True it is that each person has his own character. There are, doubtless, some men that vice revolts too
deeplysince they will never perform it. All their lives they feel deep indignation at the sight of injustice;
public or individual calamities move them to tears; they are sorely afflicted at the spectacle of suffering
virtue; they are deliciously softened at the sight of virtue rewarded.
Whether events are happening near to them, or whether they transpired two thousand years ago, it is all
the same to such men; their heart, intelligence moved by imagination, makes nothing of the vast distances
of time and circumstance

XLVII
Passion and reason do not always contradict each other. Rather, each sometimes commands what the
other approves.
Thus reason herself is either tranquil or angry.

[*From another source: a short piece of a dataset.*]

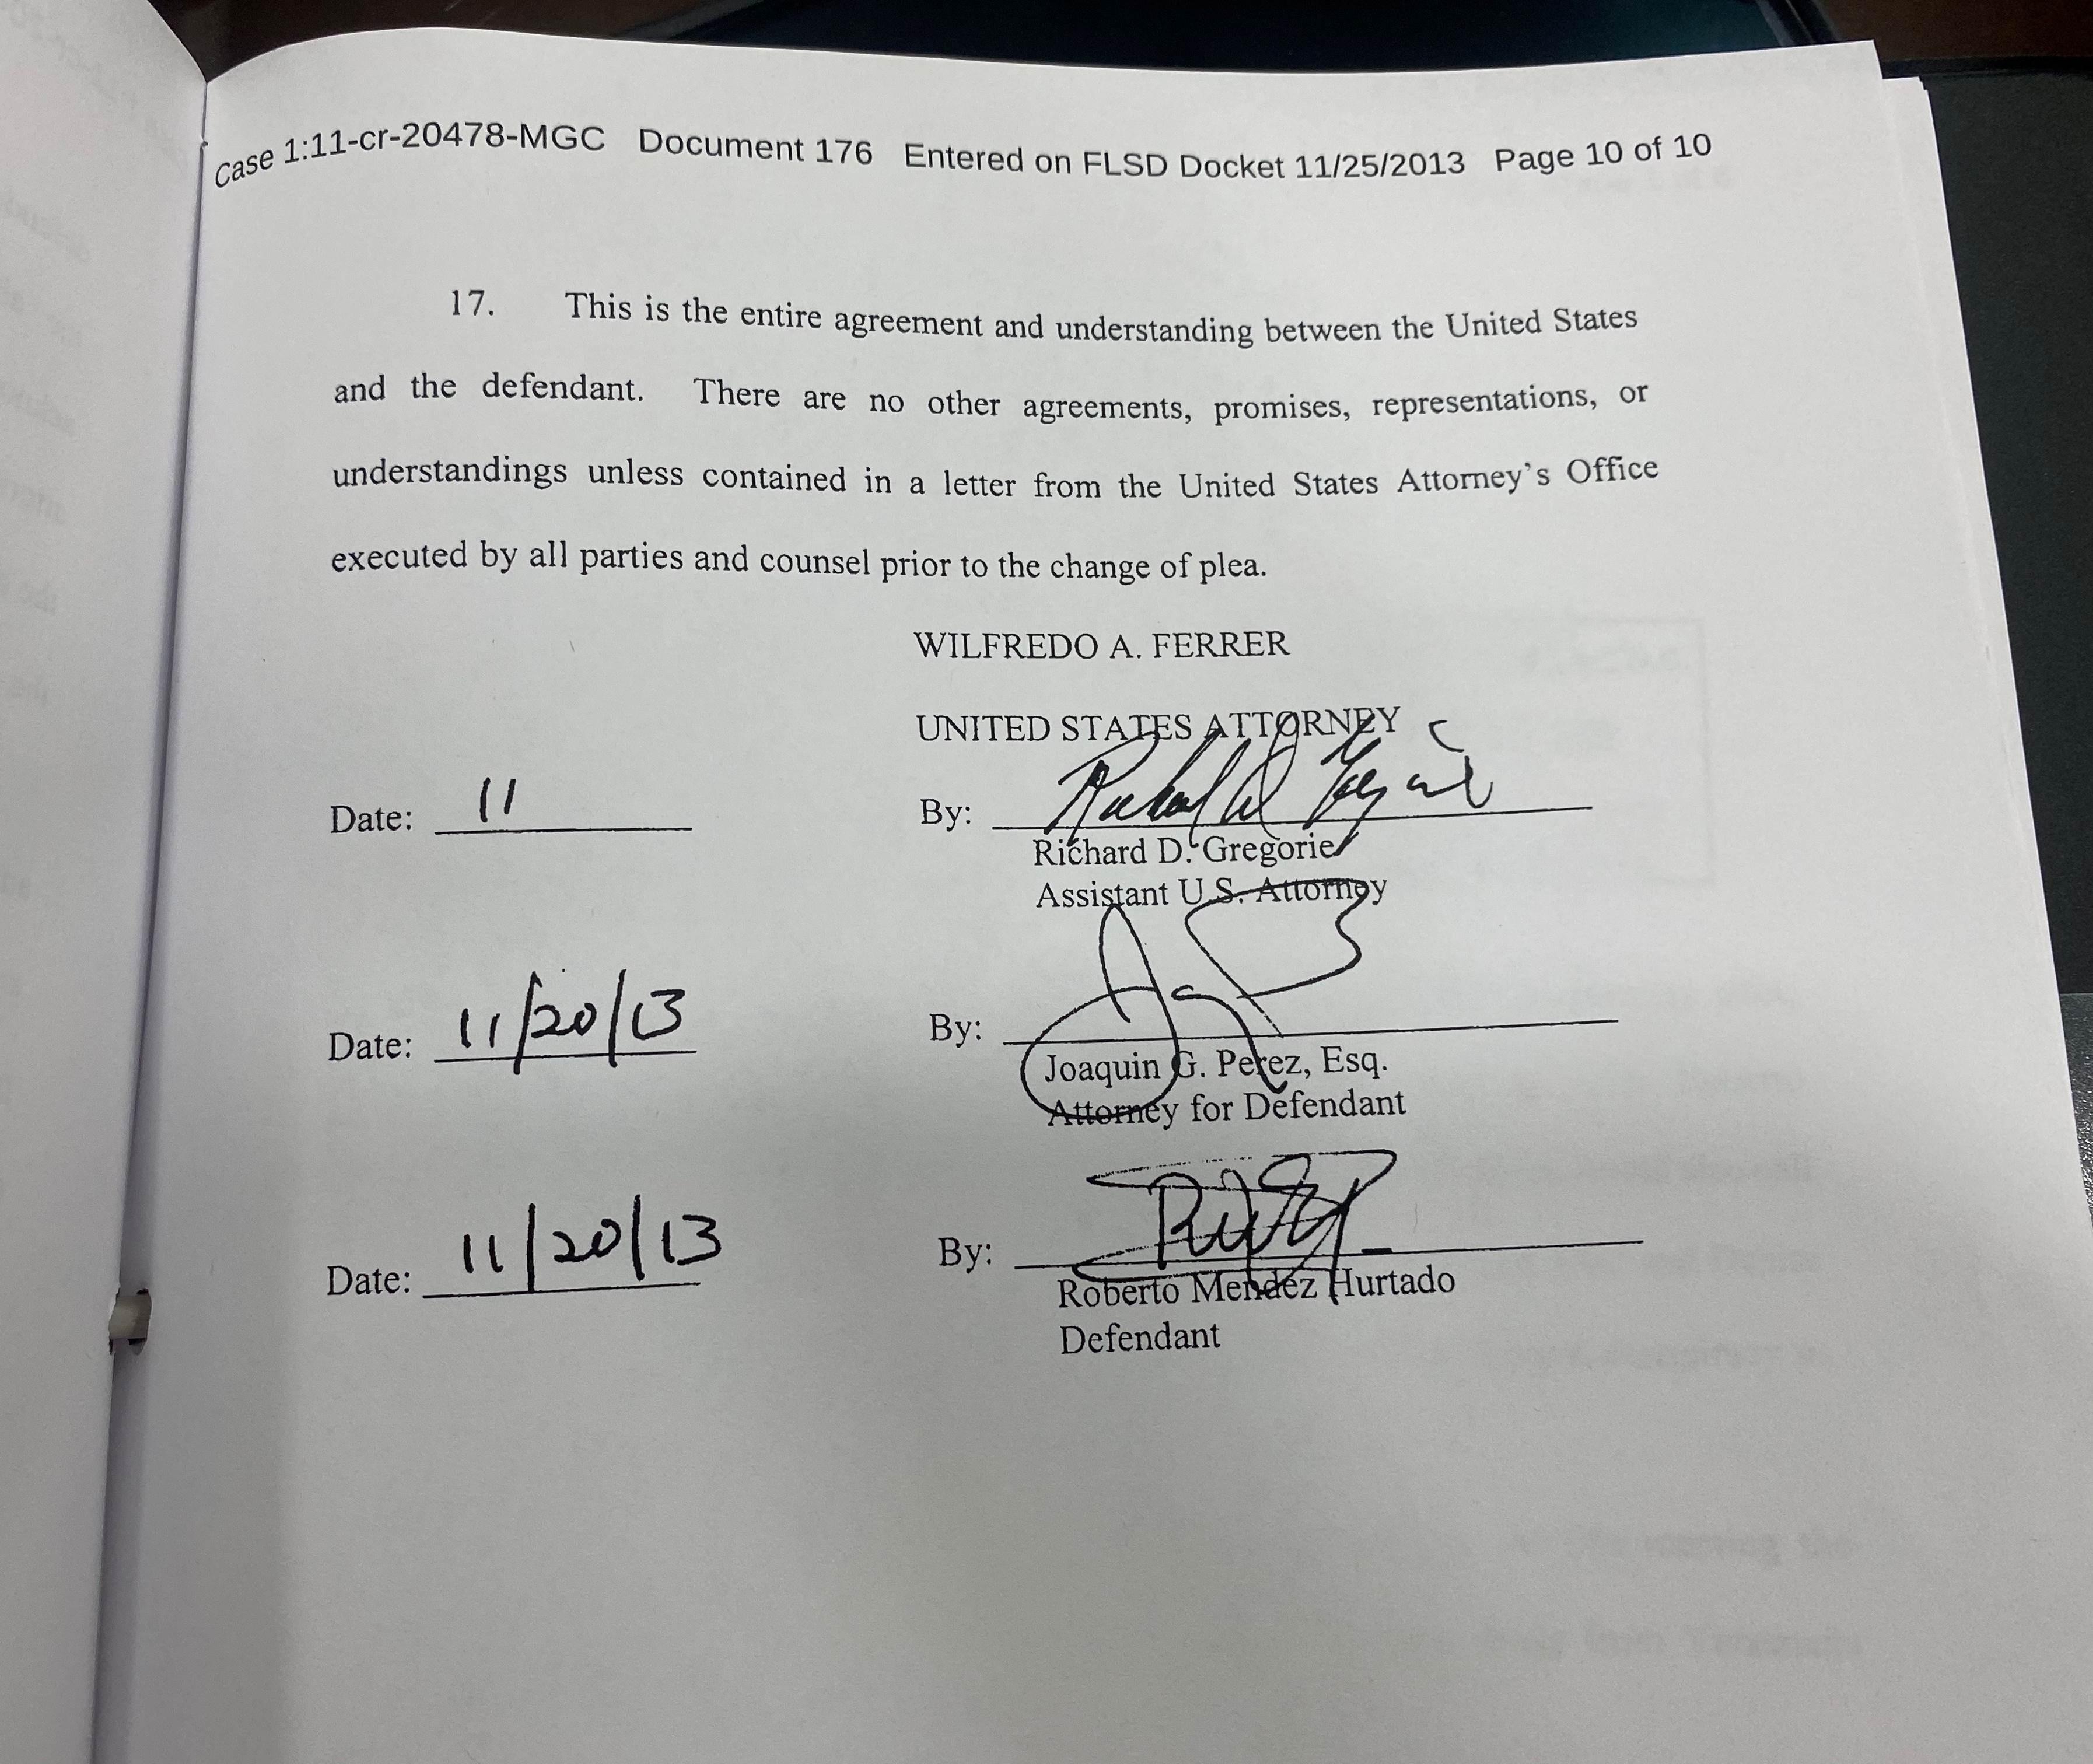 Prueba del acuerdo firmado entre el Fiscal Richard Gregorie y el narcotraficante Roberto Méndez Hurtado donde se comprueba su negociación para bajarle la condena de 4 cadenas perpetuas a 19 años de prisión a cambio de información falsa.

The difference Seneca remarks between anger and cruelty is sage. An angry man is violent; the cruel man
is cold
Amongst all the ideas of Seneca, I confess that I like most to dwell upon those that show the greatness of
his soul, rather than those that show the beauty of his mind, because I am more fond of the one than I
am of the other; and because I personally would rather have performed a noble action than written a
beautiful page; and because it is the defense of Jean Calas [an innocent man unjustly persecuted for his
alleged Protestantism], not the tragedy of Mahomet [a famous play] that I envy Voltaire.
- But Muhammad is also a work of genius, and a good deed.
- I agree.
- And genius is rarer than charity.
- Also granted.
- It can happen on any one day that three hundred men are killed for their country, and that amongst
all these three hundred men, there is not one able to write a verse worthy of Euripides or Sophocles.
- I do not doubt it Yet these men saved their country.
XLVIII.

Prexaspe told Cambyses, murderer of his son, whose heart he had just pierced with an arrow: Apollo
himself could not have fired more truly!
Yet Harpagus conceded to his sovereign, who had served him the heads of his own children, and
compelled him to feed on their limbs: All dishes are pleasing to the table of kings ...
At this baseness, my philosopher, yes, anger fills your soul, and your mouth curses! I praise you for your
passion, but ask you also: do you not in raging thus forget your Stoic principles on anger?
When you cry out: A father who let the murder of her son pass without a proportionate vengeance for
the atrocity of the crime!, you feel as you speak, both trulyfor, Stoic that you were, you were also
made a man.

II XVII
Livy tells us the following of a Roman: "His was rather a great soul than a virtuous ..."
"Do not believe it, replies Seneca: a soul must be virtuous, or give up being great."
0 good Seneca, I am sorry for the preference you want to assign to the cruelty of a Democritus, who
laughed at the unhappy men about him over the compassion of a Heraclitus, when the latter rather wept
for the folly of his brothers (Book II, Chapter x).
Personally, I do not believe that there was ever a man less inclined by his own nature as you to the Stoic
philosophy: gentle, humane, benevolent, tender, compassionate. You were a Stoic from his head, as it
were: yet at every moment your heart pointed you beyond the school of Zeno.